• How to complete this task
The exercise calls for exact output of the lines between the one that contains "Wave Goodbye (V137-4)" and the end of the data, with both ends kept and pictures left out.

--- Information provided Enclosed Below ---

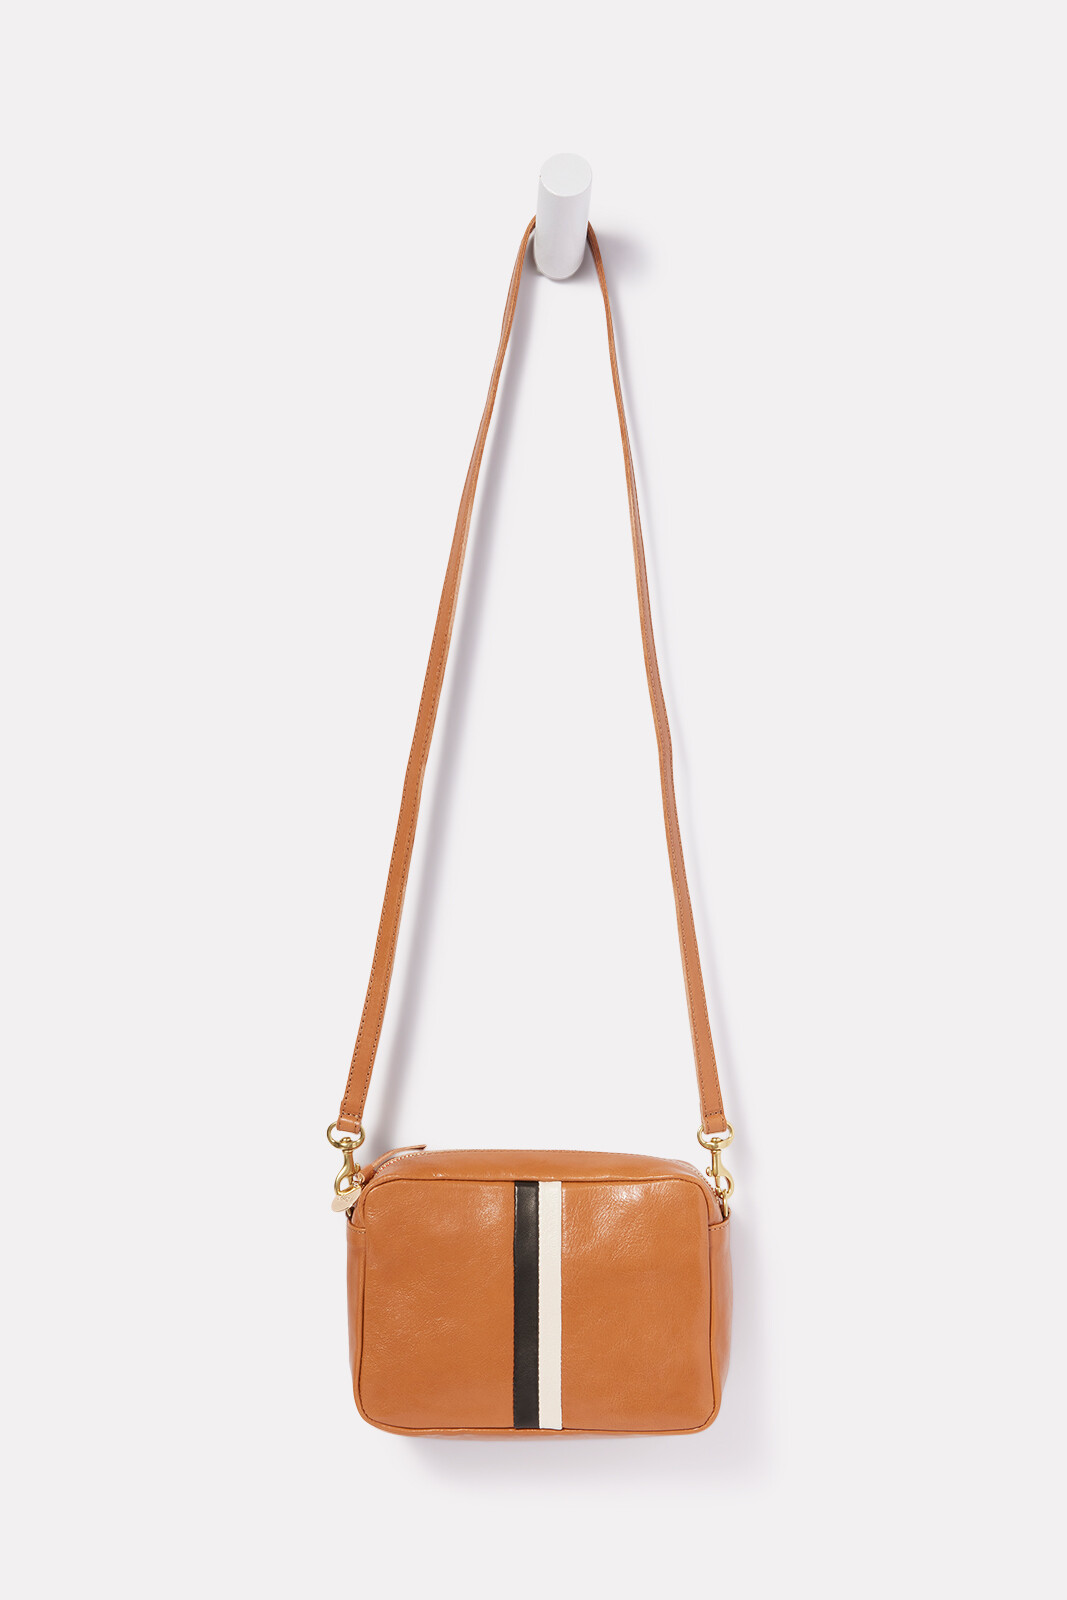 $345 Clare V. Los Angeles Midi Sac Stripe Perforated Leather Crossbody Bag  Black
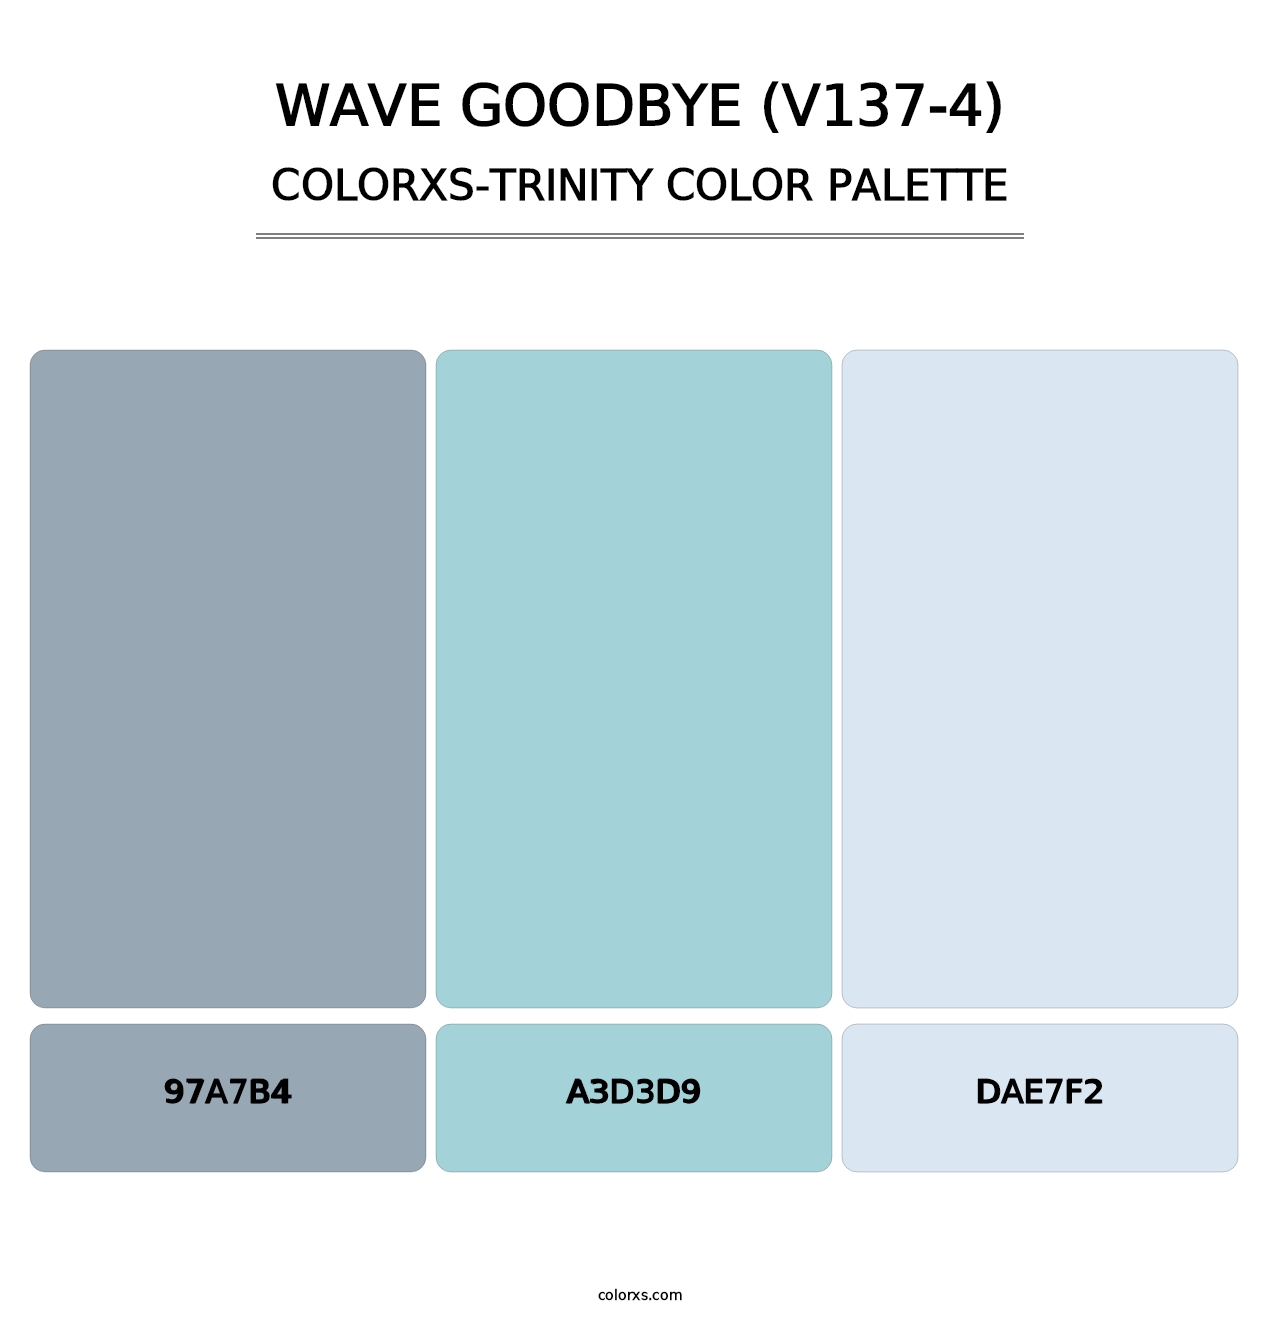 Wave Goodbye (V137-4) - Colorxs Trinity Palette
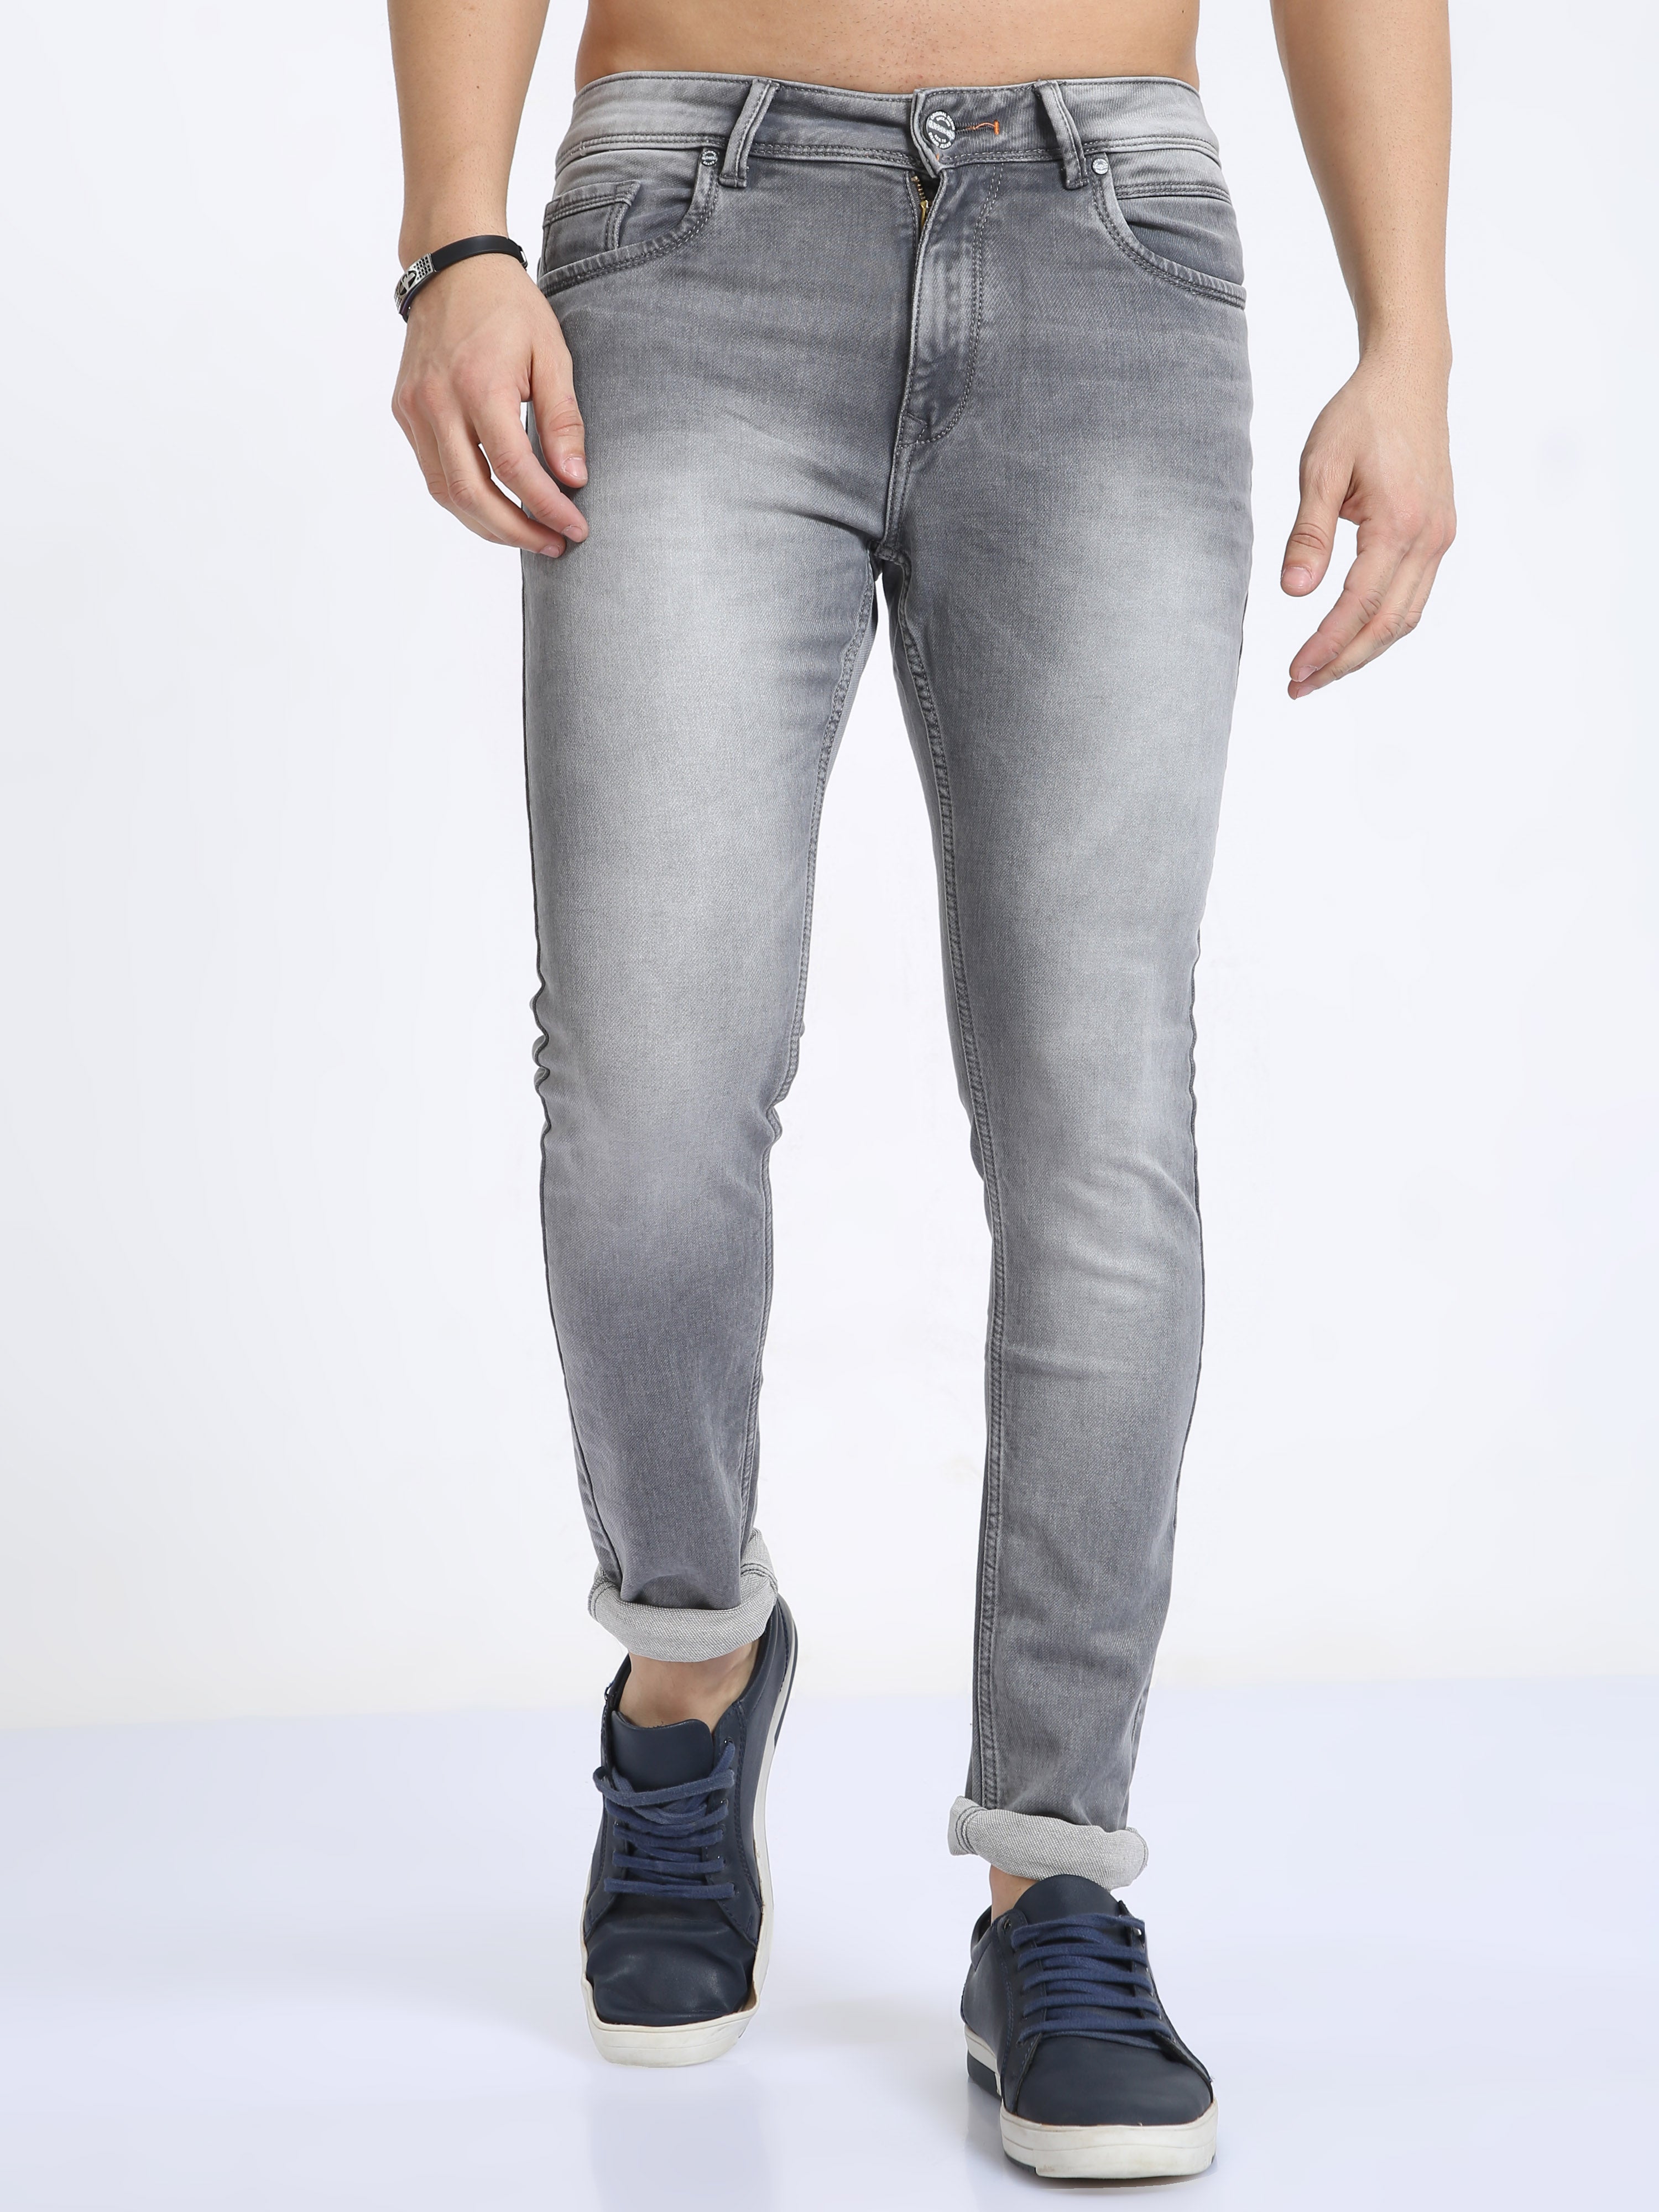 Pewter Grey Men Skinny-Fit Jeans
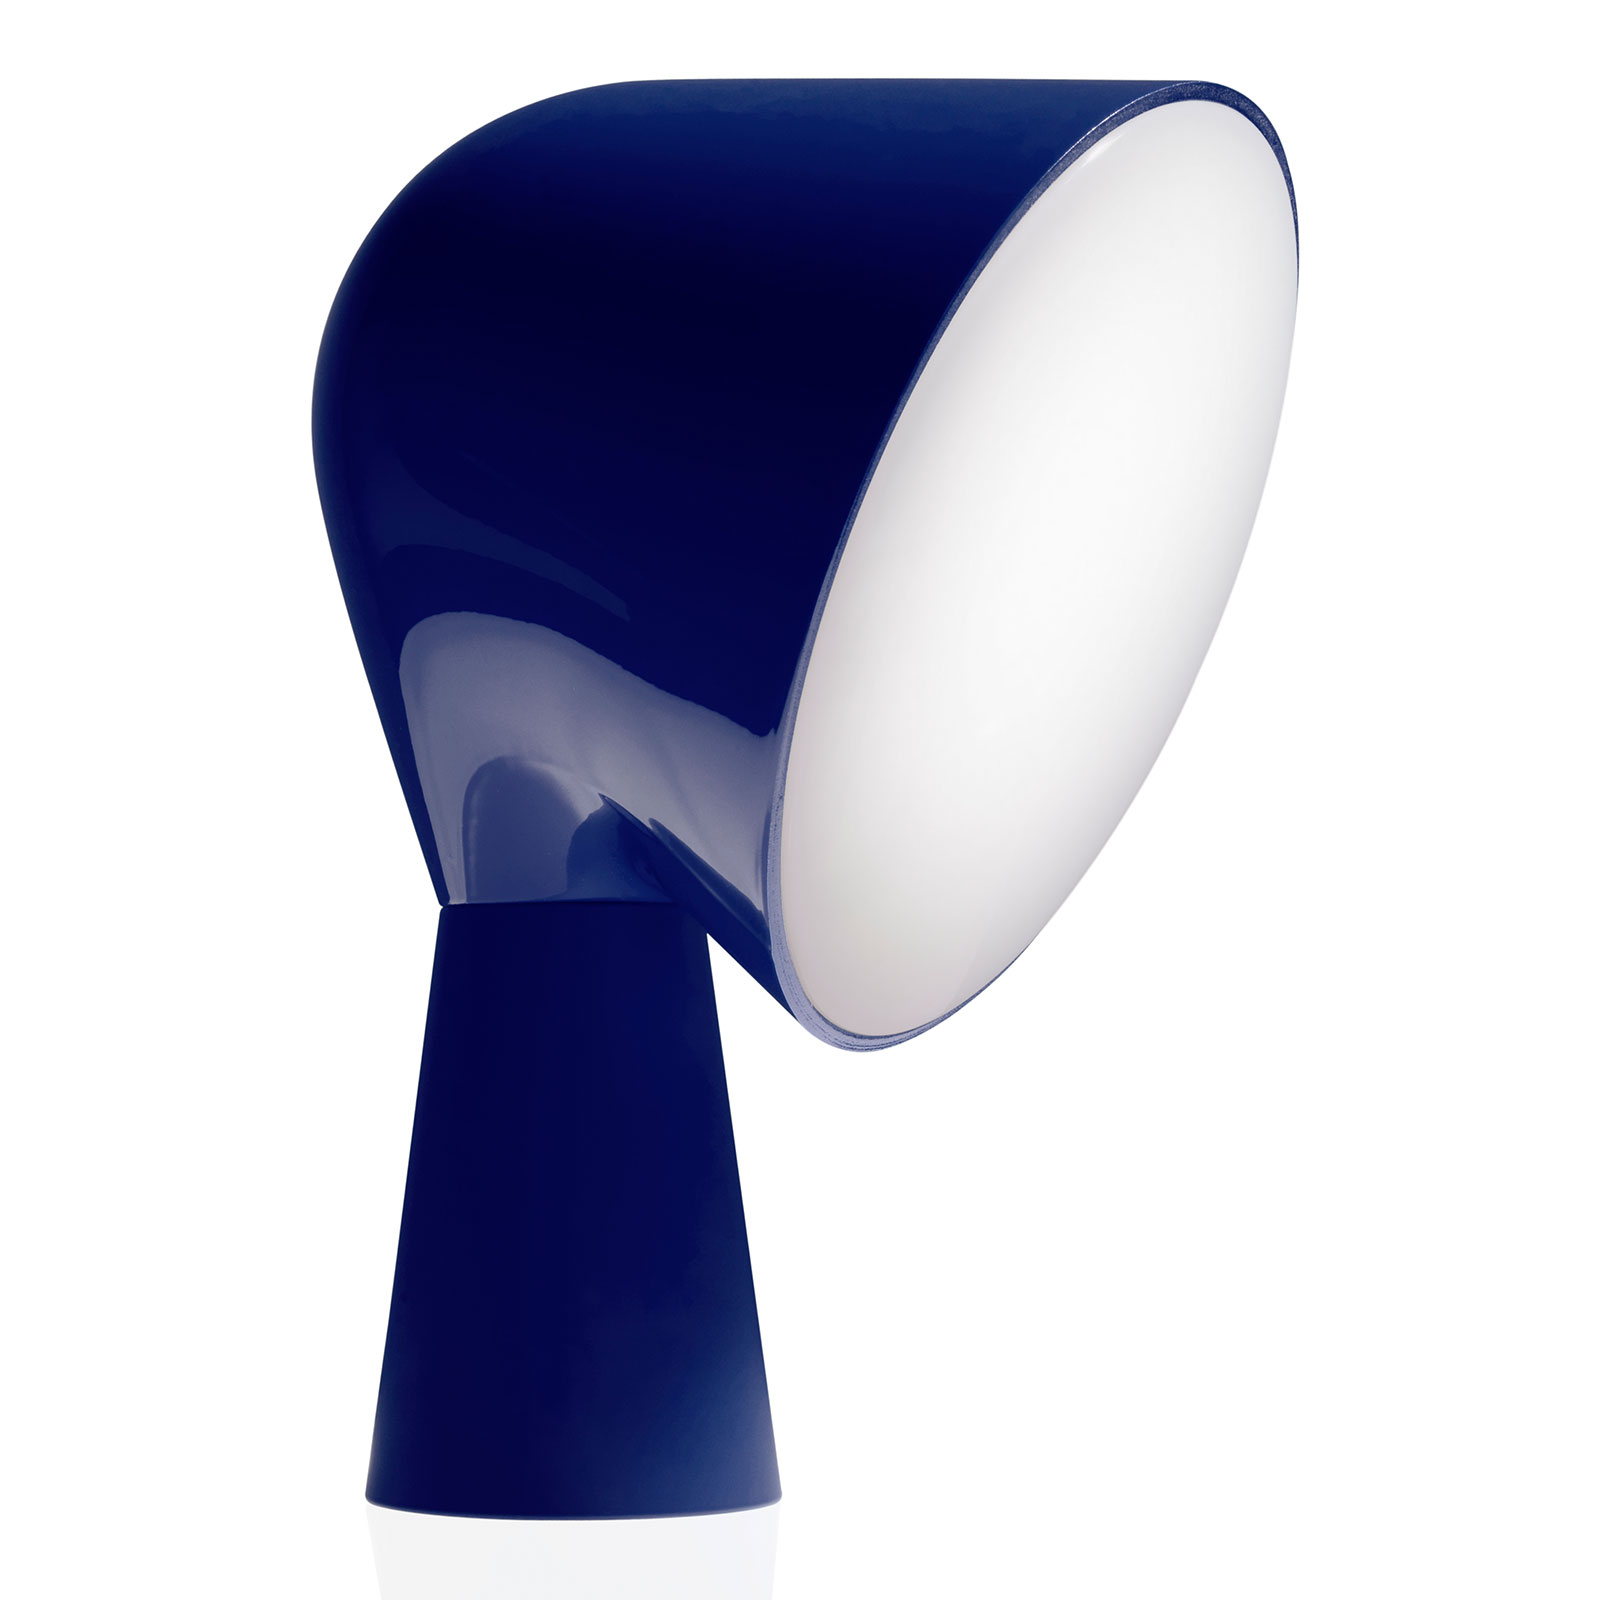 Foscarini Binic design tafellamp, blauw

--- End of Enclosed Information provided ---

• Answer space
 Wave Goodbye (V137-4) - Colorxs Trinity Palette
 Pewter Grey Men Skinny-Fit Jeans
 Foscarini Binic design tafellamp, blauw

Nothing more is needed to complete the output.